LANSING, Mich. (AP) — A judge dismissed misconduct charges Tuesday against two former Michigan lawmakers for their role in a bizarre, false email that was sent as a ruse to hide their extramarital affair, but let other charges proceed against one of them.
Lansing District Judge Hugh Clarke Jr. ruled that there was not enough evidence for Cindy Gamrat to face felony misconduct in office charges. But he said the case against Todd Courser can continue to trial on two of four counts — a perjury charge that carries a maximum 15 years in prison and a misconduct in office charge with a maximum five-year penalty.
Gamrat, who turns 43 on Wednesday, became only the fourth legislator in state history to be expelled. Courser, 43, resigned in September rather than be kicked out.
“I do have a lot of mixed emotions. It’s been a really hard journey,” a tearful Gamrat told reporters.
Courser expressed confidence that he would prevail at trial, calling the remaining allegations — that he ordered staff to forge his signature on draft legislation and then lied about it to a legislative disciplinary committee that was investigating the email cover-up — the “weakest” brought by state Attorney General Bill Schuette.
“I certainly maintain my innocence,” Courser said.
Schuette spokeswoman Andrea Bitely said the office will not appeal the dismissal of charges against Gamrat.
“Judge Clarke was correct to approve of these charges and we will prosecute (Courser) to the fullest extent of the law in circuit court,” she said.
An aide for the former lawmakers testified during the probable cause hearing that Courser asked him to send an outlandishly bogus, sexually explicit email to thousands of fellow Republicans as a trick so his extramarital affair with Gamrat — a fellow married, freshman tea party conservative — would not be believed if it was revealed by an anonymous extortionist. The extortionist turned out to be Gamrat’s husband, according to a separate state police probe.
The staffer, who later was fired and gave a secret recording of the meeting to The Detroit News, said he refused to send the email because he thought it was unethical and possibly illegal.
The attorney general’s office has said it began investigating even before the Michigan House asked for a criminal investigation at the time of the expulsion and resignation.
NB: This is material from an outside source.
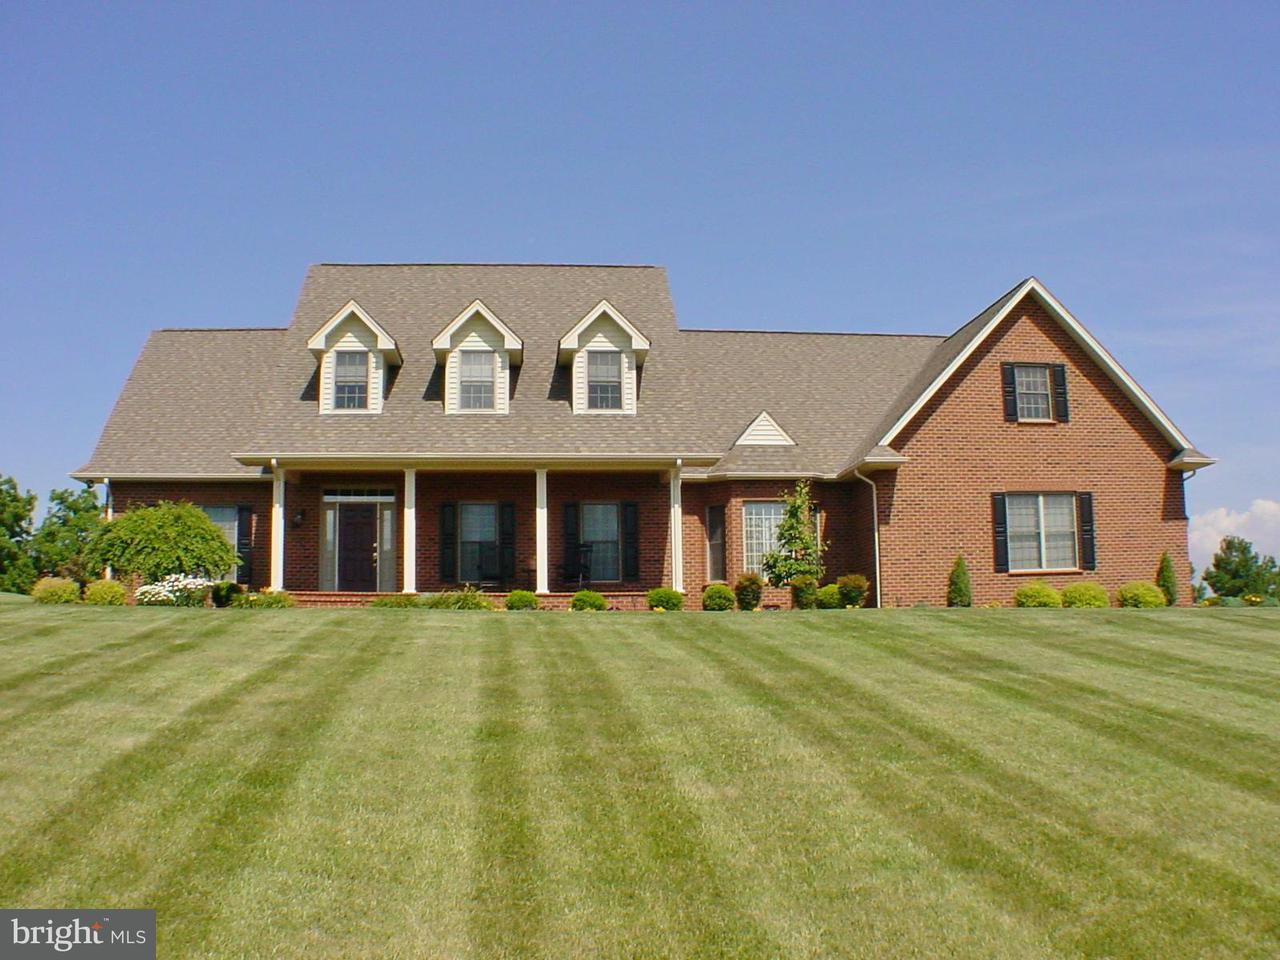 Μονοκατοικία για την Πώληση στο 783 MILLER Lane 783 MILLER Lane New Market, Βιρτζινια 22844 Ηνωμενεσ Πολιτειεσ

The attorney general’s office accused Gamrat and Courser of lying during a House Business Office investigation and of having employees in their combined office sign their names on legislation ready for introduction to beat another conservative lawmaker in proposing road-funding bills.
But the judge said there was insufficient evidence that Gamrat told an aide to sign her name on the legislation. He also ruled there was no probable cause that she knew about the email’s contents.
“I can’t say that there was corrupt intent here,” Clarke said.
The judge threw out a charge that Courser solicited an aide to send the phony email during a late-night meeting at Courser’s law office in Lapeer, about 65 miles from Lansing.
“It didn’t take place here in my jurisdiction,” said Clarke, who also dismissed a charge that Courser gave false information during the House investigation.
The attorney general’s office is reviewing its options with regard to the charges against Courser that were rejected.